Prom is over, sports seasons have concluded, Pacifica Projects have been presented – the springtime sprint to the end of the school year means Seaside High School is just days away from its annual graduation activities and ceremony.
This year, 98 students will graduate from the school on June 10, with 60 percent going on to some kind of post-secondary education immediately after graduation.
For two of those graduates – Theresa Paul and Adrian Velazquez — prestigious scholarships will make paying for and experiencing the full opportunity of college much easier.
Paul’s family moved to the community when she was a child – her junior year they moved to Cannon Beach.
“Coming into high school, I wasn’t really on track to graduate,” Paul said. With the help of her teachers she developed a passion for mathematics.
“I thought for a while I wanted to become a math teacher or a health teacher,” Paul said.
That passion and support led her through high school, and earlier this spring, with strong encouragement from her parents, Paul applied for and was awarded a scholarship by The Ford Family Foundation.
The Roseburg-based foundation annually awards 120 outstanding students throughout Oregon and Siskiyou County, Calif., need-based scholarships. According to the foundation, the scholarship was created “to assist students who otherwise would find it impossible, or at least very difficult, to obtain a college degree without financial assistance.”
“The Ford scholarship is a really great opportunity to make something of my life,” Paul said.
This fall, Paul plans to attend Lewis & Clark College in Portland.
She said she is not sure what major she plans to pursue, but right now she wants to do something that helps people, the environment or both. She credits her teachers at Seaside High School with helping her develop her passions.
“My plan the first year is to go undecided,” Paul said. “I hope to go in first year undecided and experience the environment and learn new things. Hopefully my sophomore year I’ll find a passion for something I want to do.”
Velazquez joined a prestigious group earlier this month after being named a Gates Millennium Scholar.
“For me it was really a huge relief because I’m the first person in my family ever to go to college, and my parents didn’t know how they were going to pay,” Velazquez said. “(Now) I’ve got four years to do whatever I want and not worry about any money. It was a huge relief to my family.”
The scholarship program, funded by the Bill and Melinda Gates Foundation, selects 1,000 students across the country for a “good-through graduation” scholarship. The scholarship also supports personal and professional development through leadership training.
As part of the application process, Velazquez had to write eight 600-word essays. He said it took him three months to finish the essays. One of those essays asked him to write about an event that changed his life.
When he was 11, Velazquez said, he was walking down the street and said hello to a passing stranger. The man angrily hurled a racial slur at the young boy. He went home and told his parents, who became very upset.
“It was the first time I’d ever had racist comments come my way,” Velazquez said. “Since then I’ve tried to keep racism out of my life.

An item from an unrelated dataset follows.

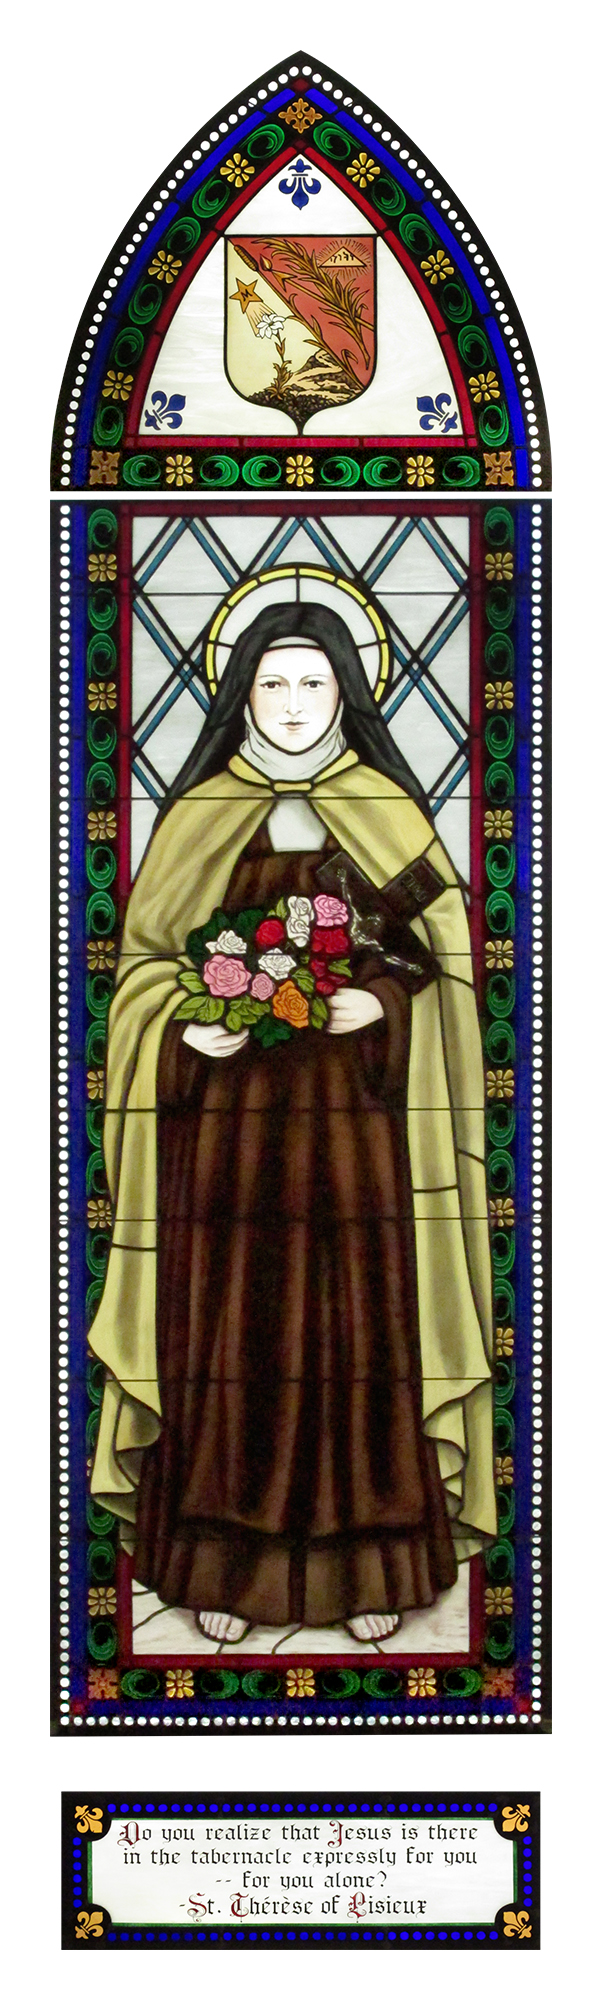 Our Lady of Solitude Monastery, Tonopah, AZ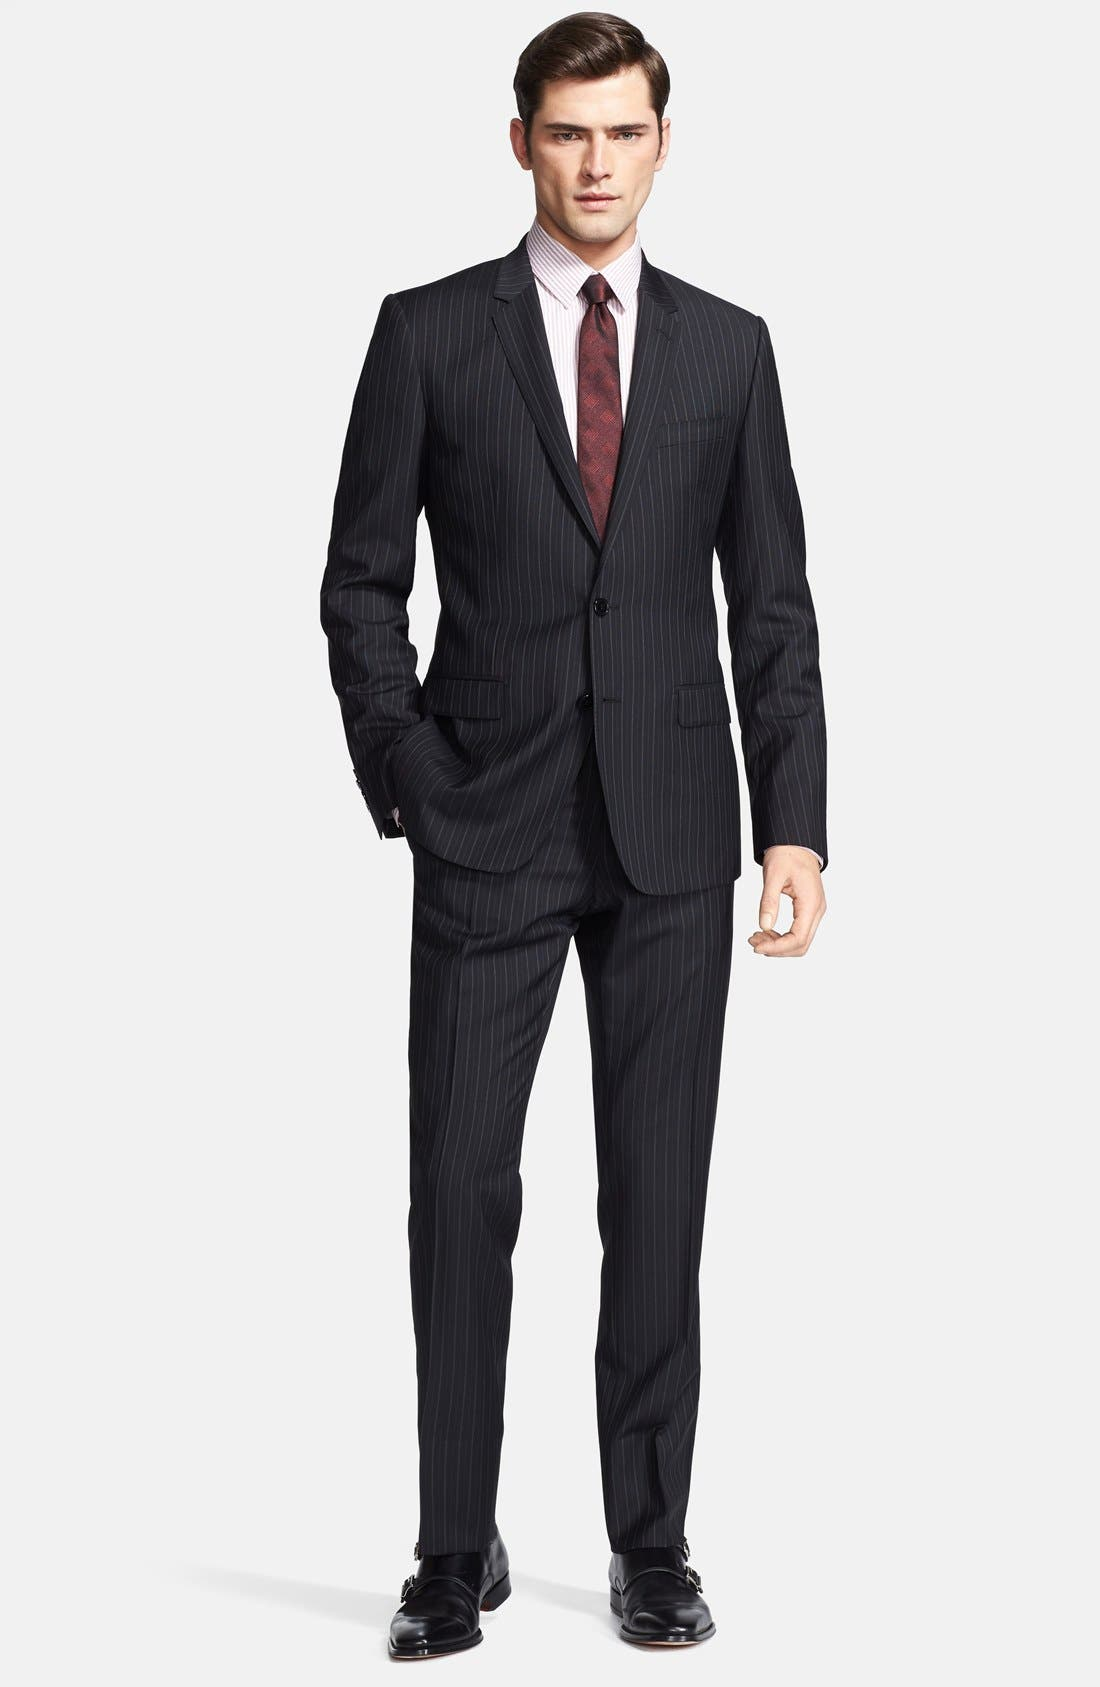 Alternate Image 1 Selected - Dolce&Gabbana 'Martini' Black Stripe Wool Suit

From then, I’ve tried to be a happy person.”
Velazquez also plans to attend Lewis & Clark College in the fall. He wants to study international relations and music.
After auditioning in Portland, he will also be playing in the college’s orchestra next year.
A series of events will lead up to and celebrate the graduation ceremonies.
Students will be recognized at a nonreligious or denominational Baccalaureate ceremony at 7 p.m. Sunday, June 9 at North Coast Family Fellowship. Graduation ceremonies will be held at 8 p.m., Monday, June 10 at the Seaside Convention Civic and Convention Center. Both events are open to the public.
Students will celebrate graduation at an all-night, chemical-free party hosted by the parents of the class of 2013 and the Seaside Rotary.